Odd and Ends

I present, for your entertainment, the shit my wonderful boyfriend has to put up with.

This is why you should feel sorry for my boyfriend.  I'm weird AND I post screen shots of my conversation madness.

This is why you should feel sorry for my boyfriend. I’m weird AND I post screen shots of our conversations.

 

So, I don’t have enough coherent thoughts to make a cohesive blog, so I’m going to give you some odds and ends of my life lately.

First, because of a conversation I had with myself on the way home from the Super Wal-Mart, I just Googled “Do people eat giraffes?” I suspected they did, but I just wanted to be sure. Giraffes might be poison meat. Why was I thinking about eating giraffes you might ask. No? You weren’t asking yourself that? I’mma tell you anyway. I was thinking about how the Rothschild giraffe being named after the white dood who “discovered” it. I was laughing about that in my head because I’m pretty sure people were eating them well before Lord Rothschild walked up on them. (Apparently, he was a pretty big deal in the zoological world, but my point still stands.)

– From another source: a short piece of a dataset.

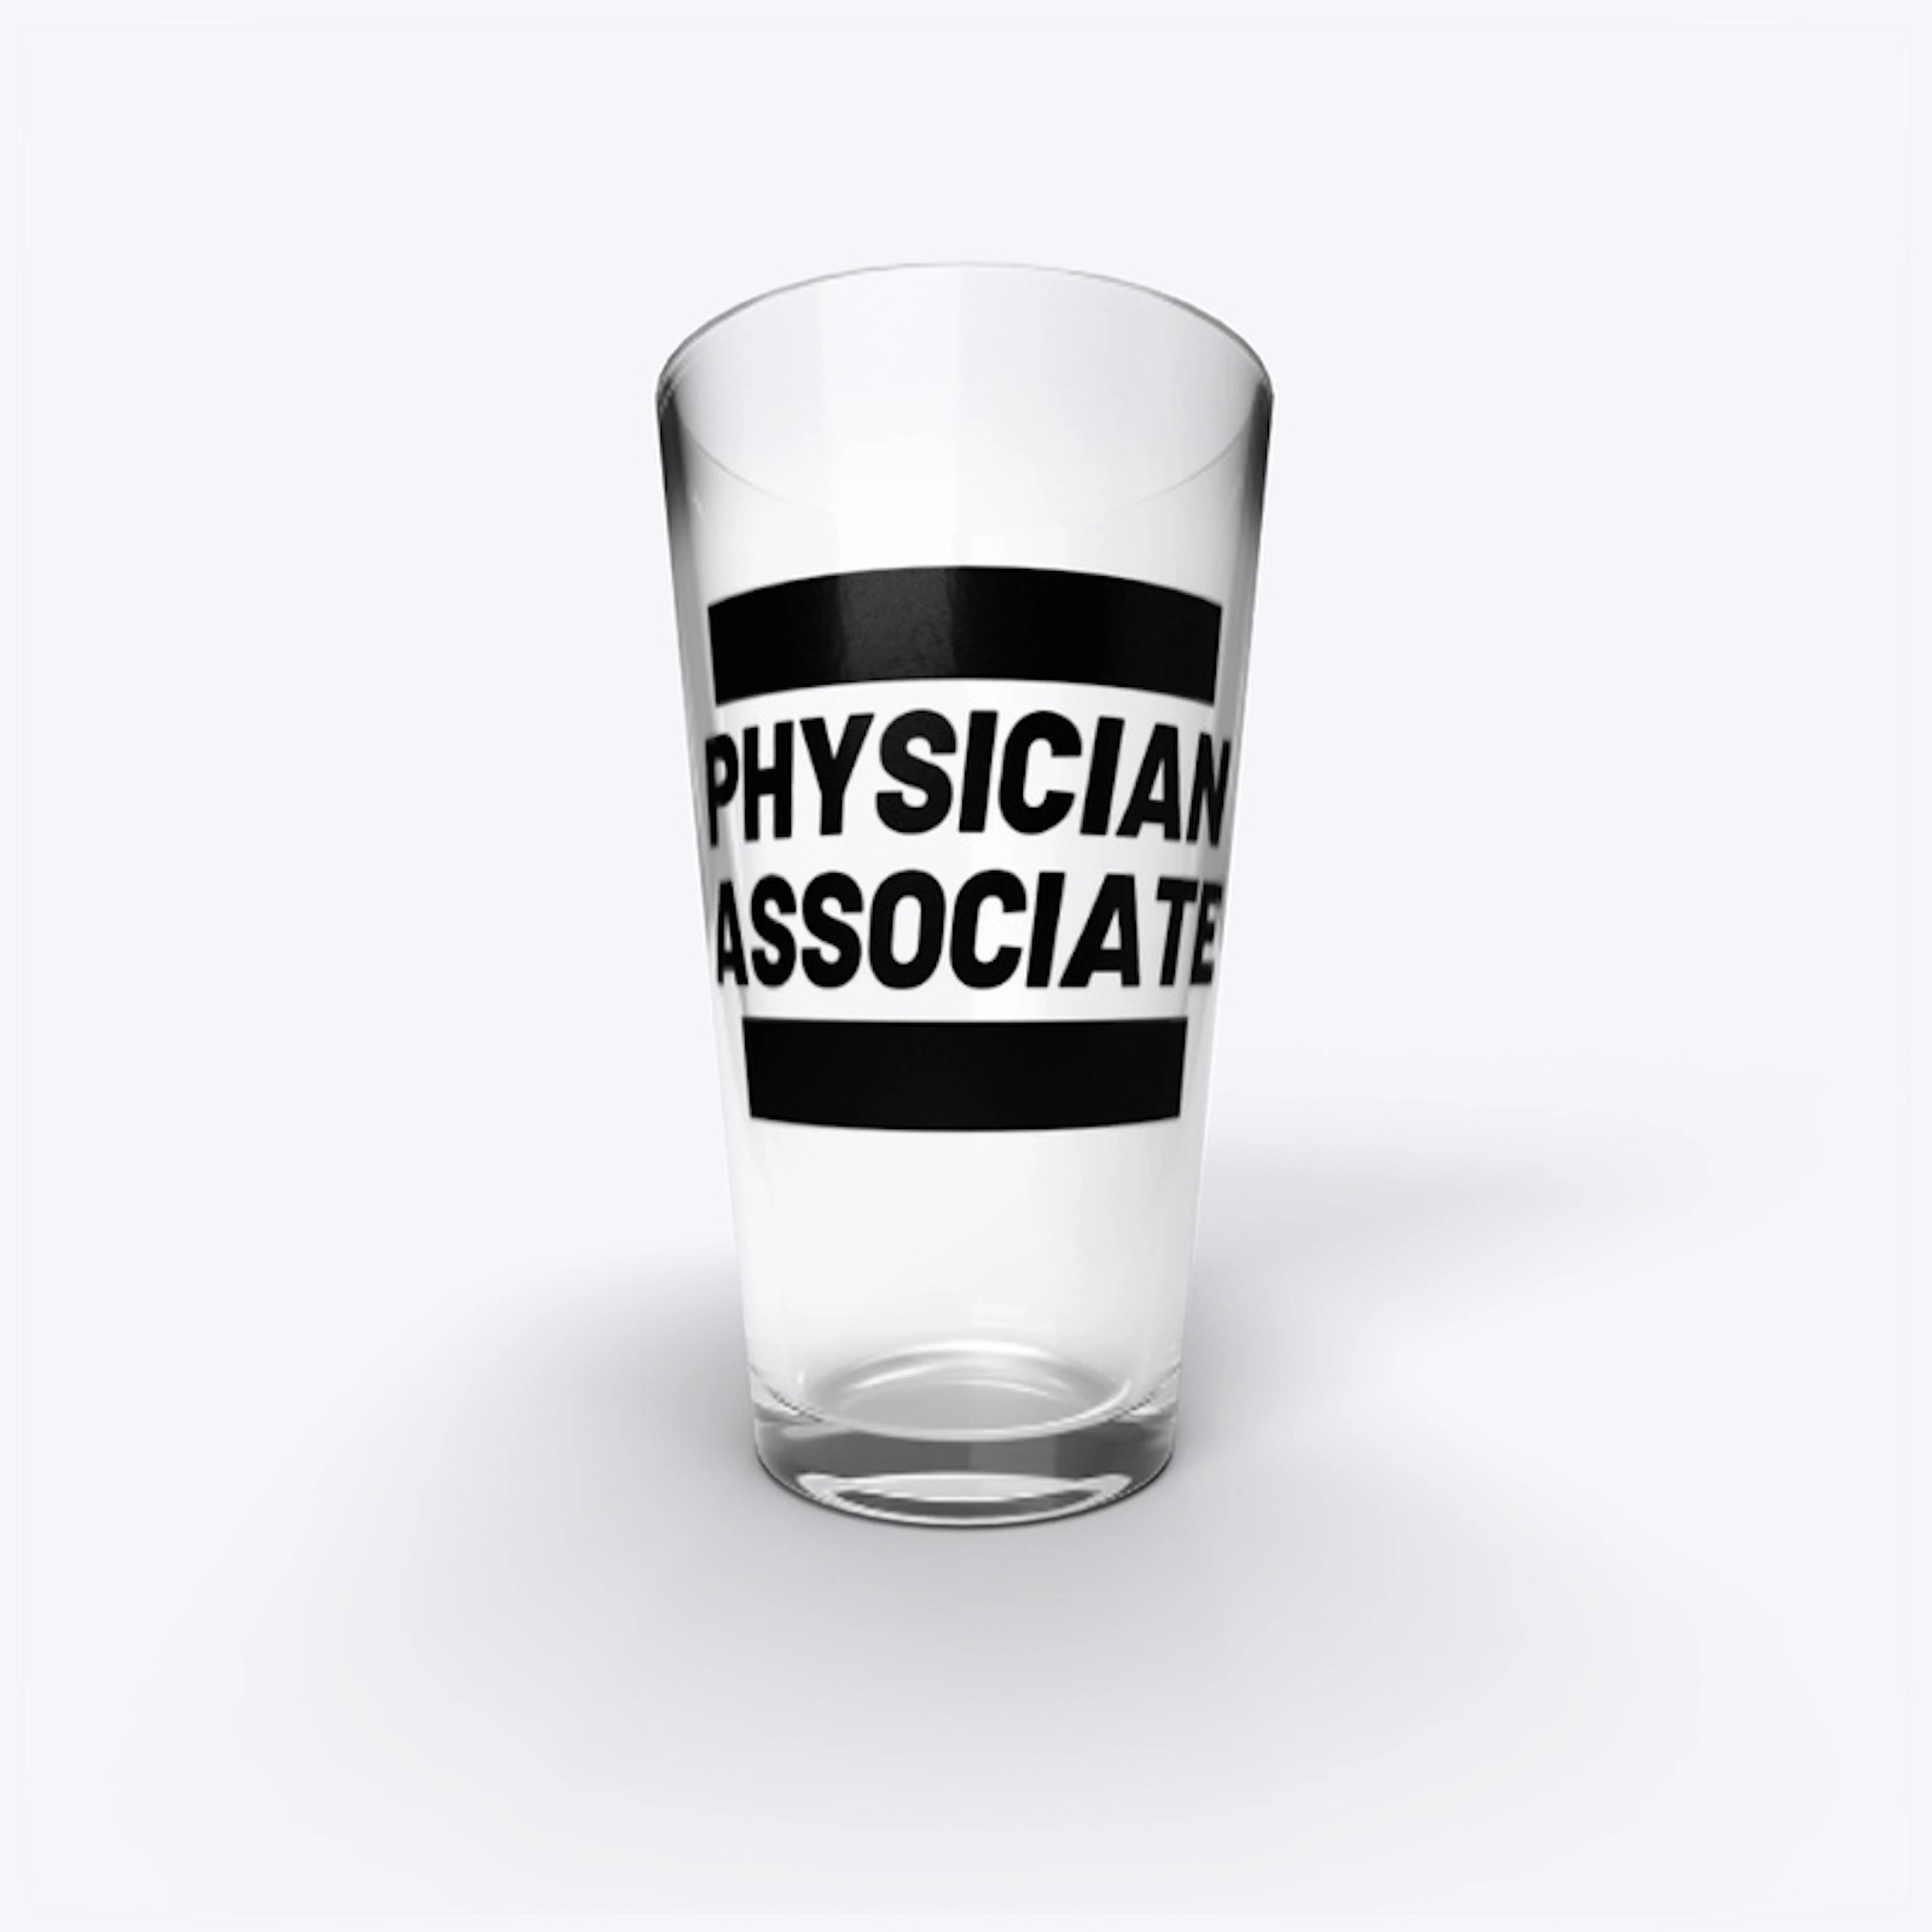 Physician Associate BOLD

Today I had the house to myself so I turned off the television. Turning off the television is about my favorite thing to do with a television. I sat in my quiet living room and had a think. My favorite think to do in a quiet living room is think thoughts. I began wondering if we are losing that ability as a species. Sometimes I love to sit and think. I love electronics. My cellphone and Kindle are extensions of my soul, and I might be willing to give up an extraneous organ or two for my computer, but sometimes I love sitting with out anything to keep my attention busy. I was having a grand ole think about how the modern era is destroying our attention spans and our ability to interact with the world. Then I realized I sounded like a prick to even myself and moved on.

I have another weird internal debate. I know some women who flip out when men open doors for them or pay for dinner. They feel like it is degrading them. I don’t see it. I’ll be the first person to admit, for a staunch feminist (Tina’s descriptor, not mine), I’m oddly traditional. When anyone holds open the door for me, I see it as a kindness, not as a sign they think I’m too weak to do it myself. I hold open the door for all manner of folks out of respect and/or kindness. The Viking and I have a game I love. He unlocks and opens my car door and I get in and rush to unlock his door for him before he gets to it. It melts me that he opens the car door for me sometimes, and I love trying to show him the little bit of consideration of unlocking his door. I think that is part of what helps happiness in relationships, caring enough to do the small things for the other person.

I got to thinking today that I might be missing something in the door thing, though. I really don’t think so, but if I am, please tell me.